-- GIVEN DATA --
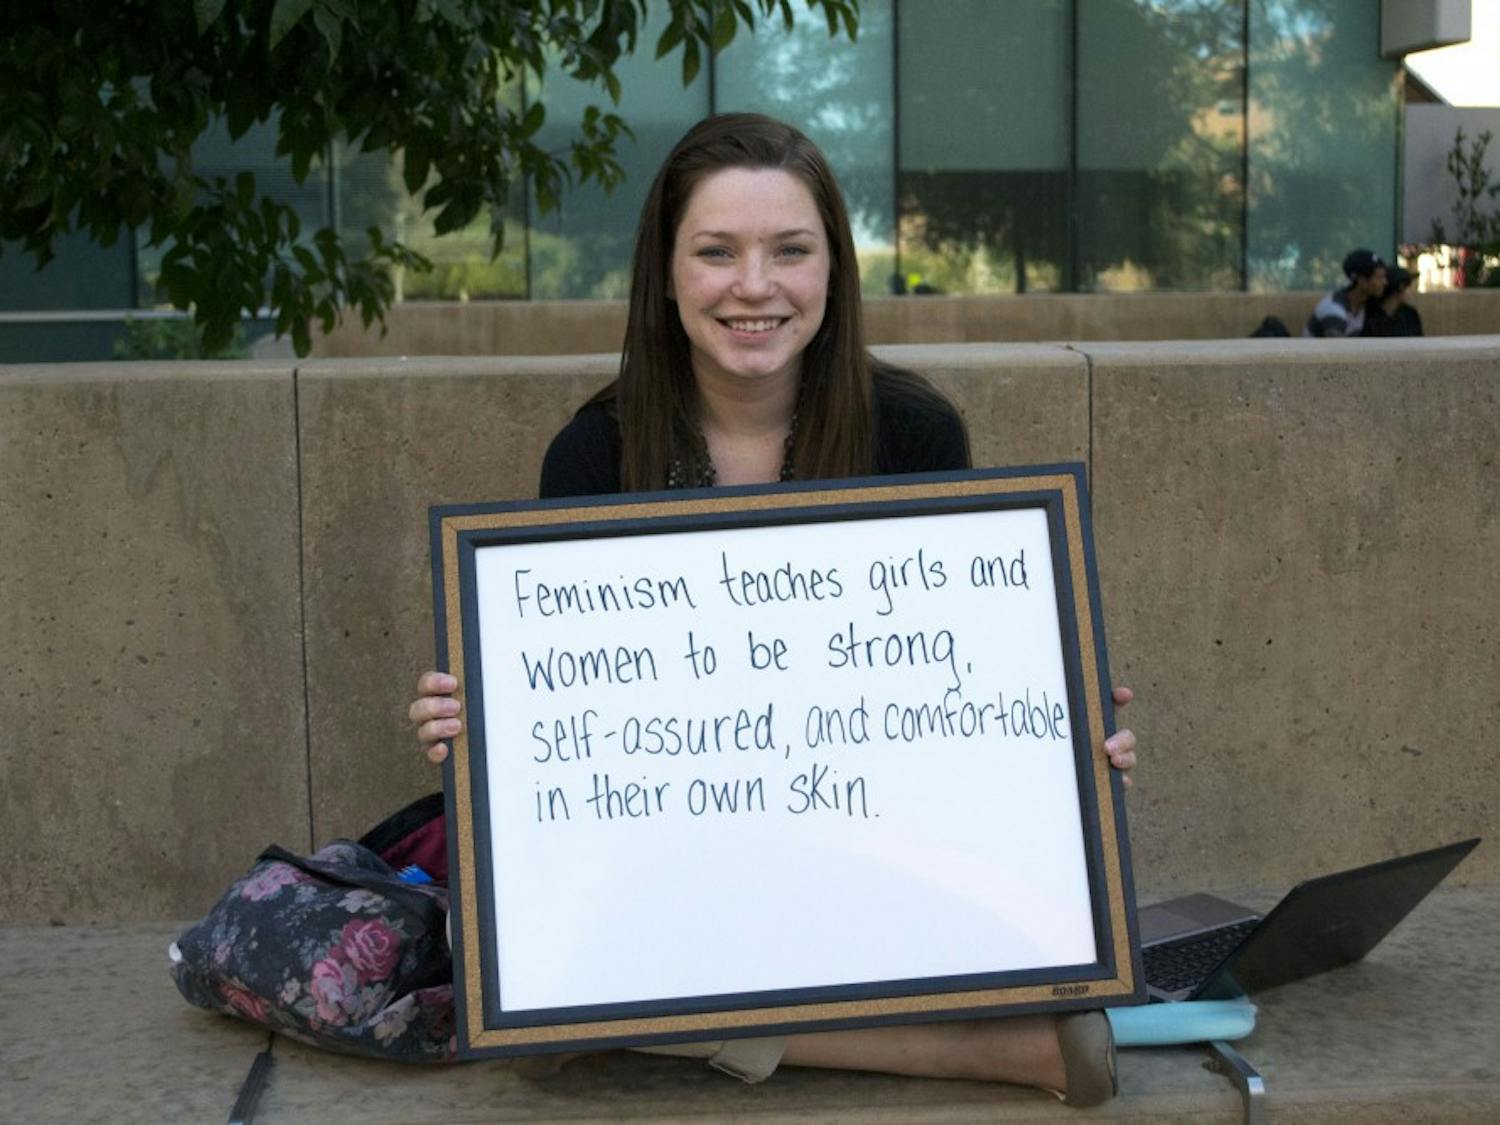 Maggie Dellow, who studies urban planning, says,"Feminism teaches girls and women to be strong, self-assured and comfortable in their own skin."
Photo by Mackenzie McCreary
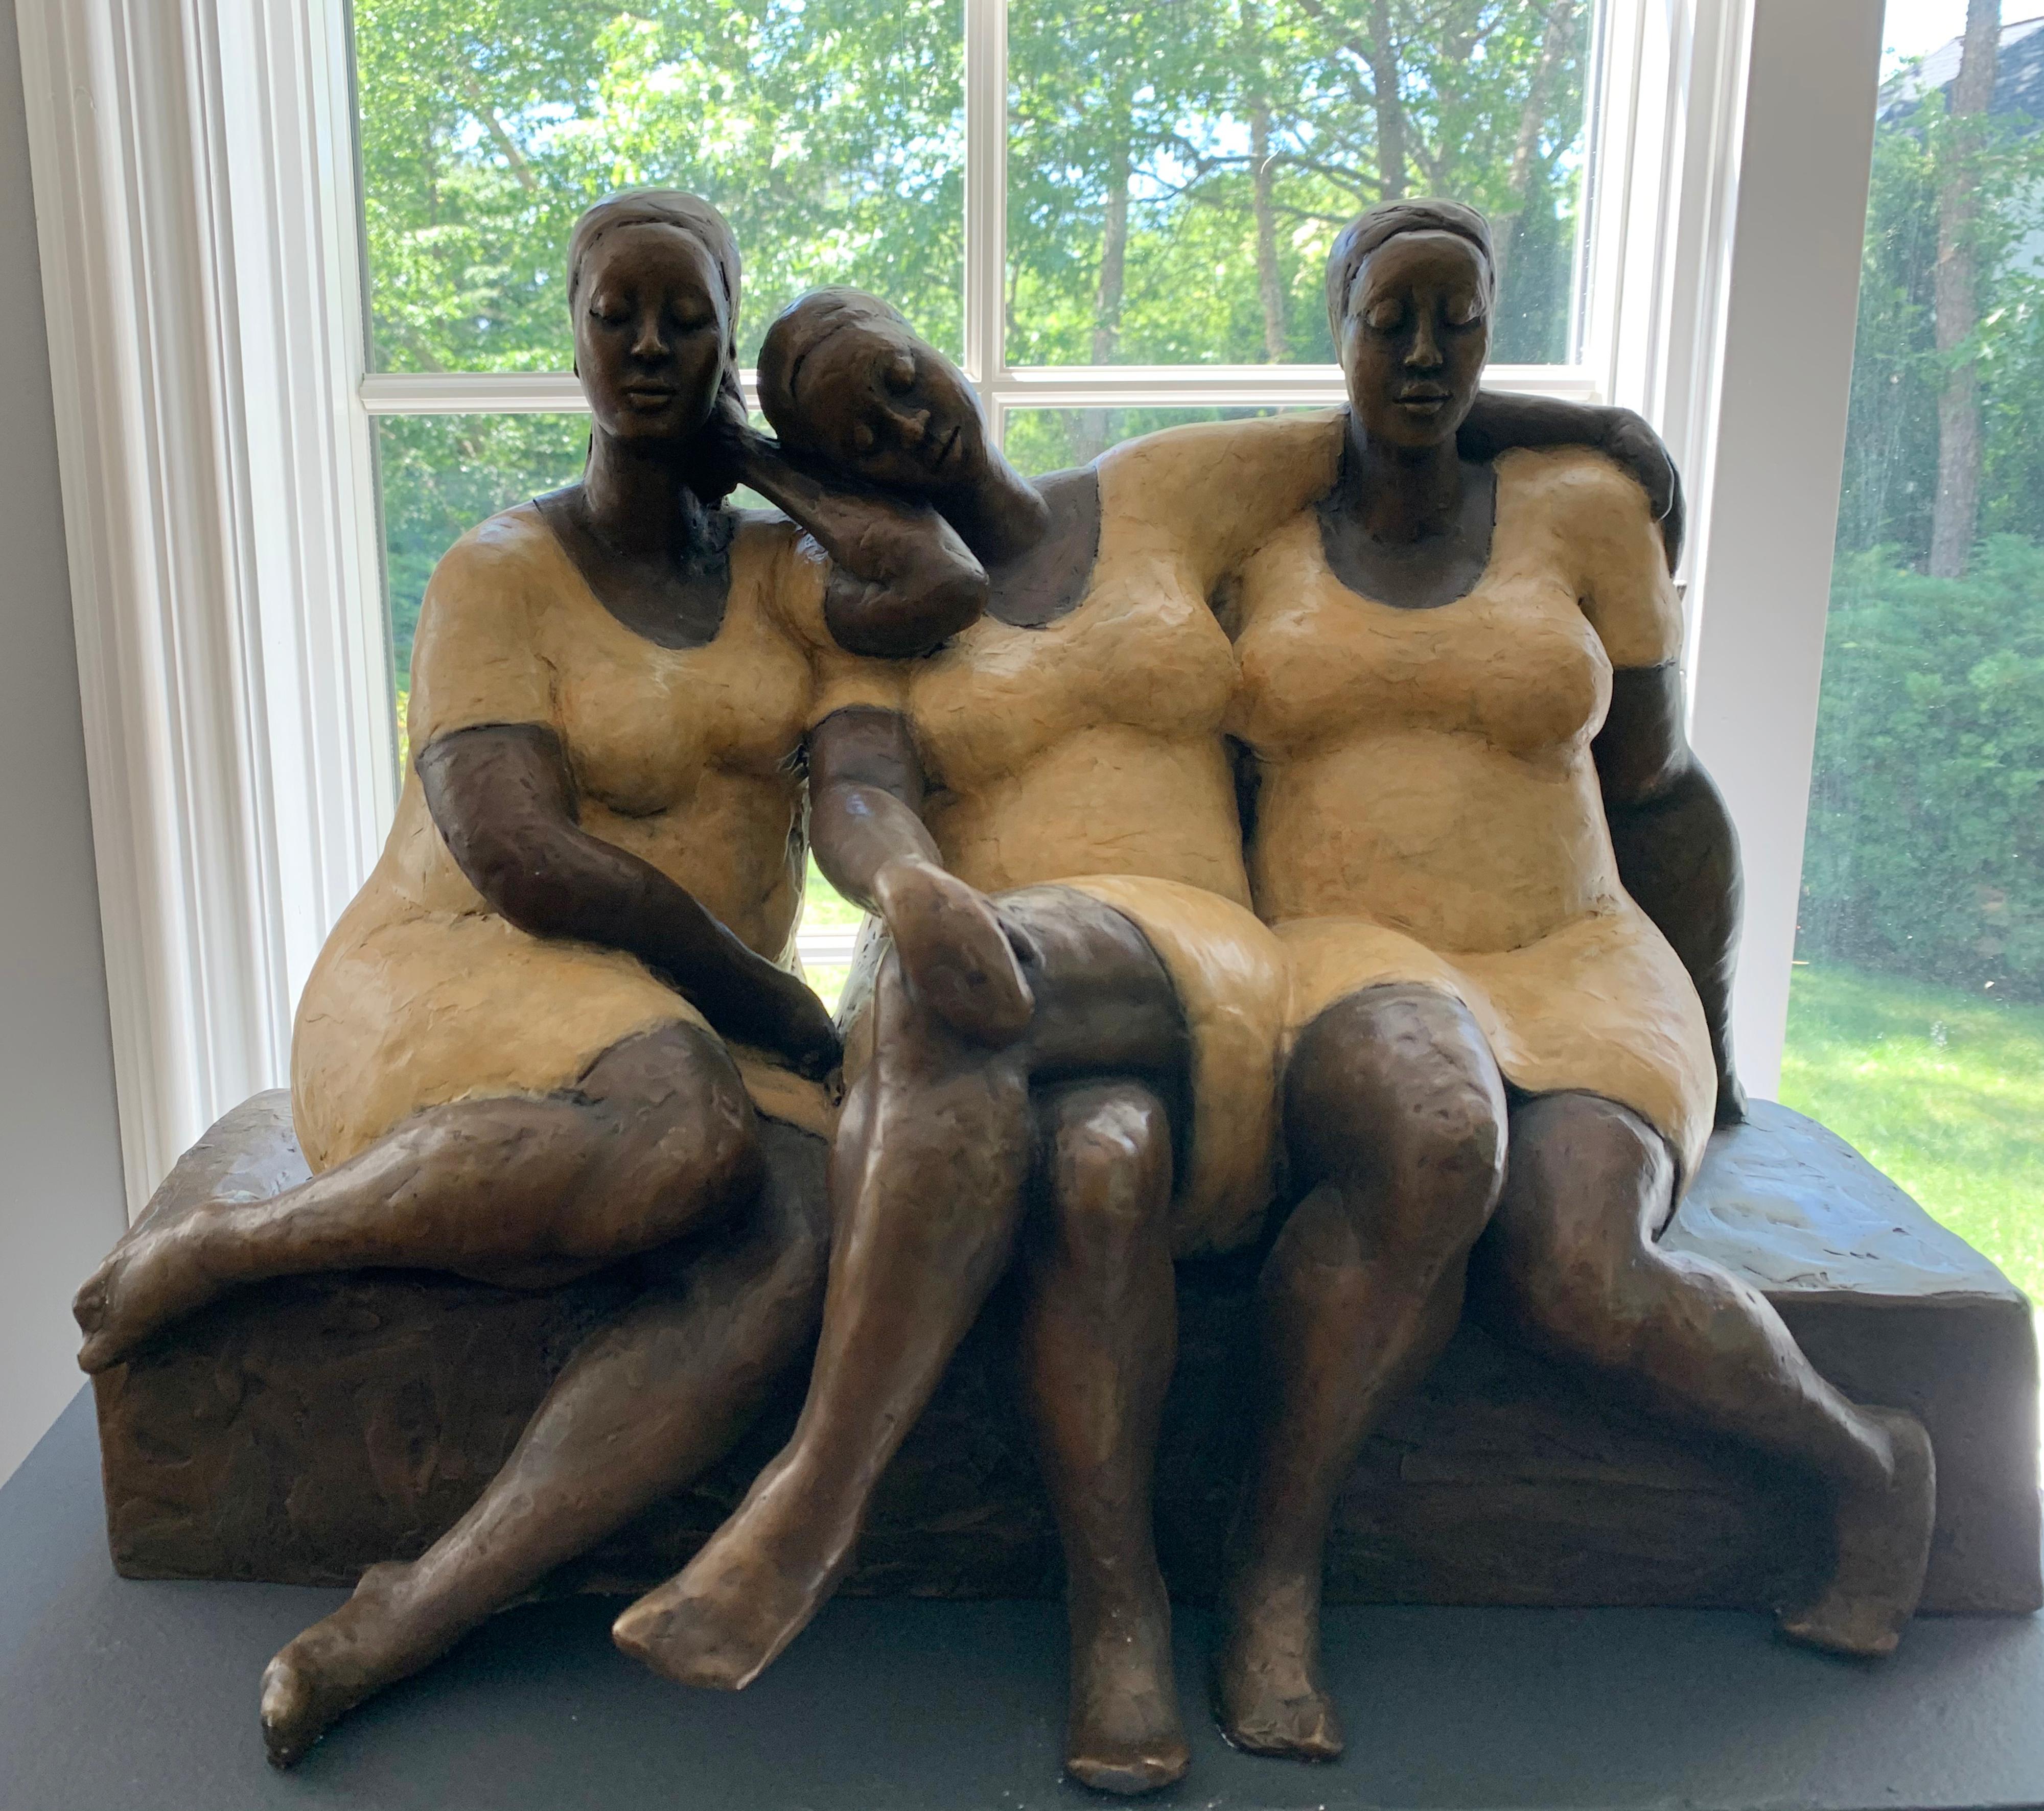 "Friends" Cast Bronze Sculpture with Patina and Lacquer Finish

-- WHAT IS NEEDED --
Repeat the material above exactly. Leave every picture out of it.

-- ANSWER BOX --
 Maggie Dellow, who studies urban planning, says,"Feminism teaches girls and women to be strong, self-assured and comfortable in their own skin."
Photo by Mackenzie McCreary
 "Friends" Cast Bronze Sculpture with Patina and Lacquer Finish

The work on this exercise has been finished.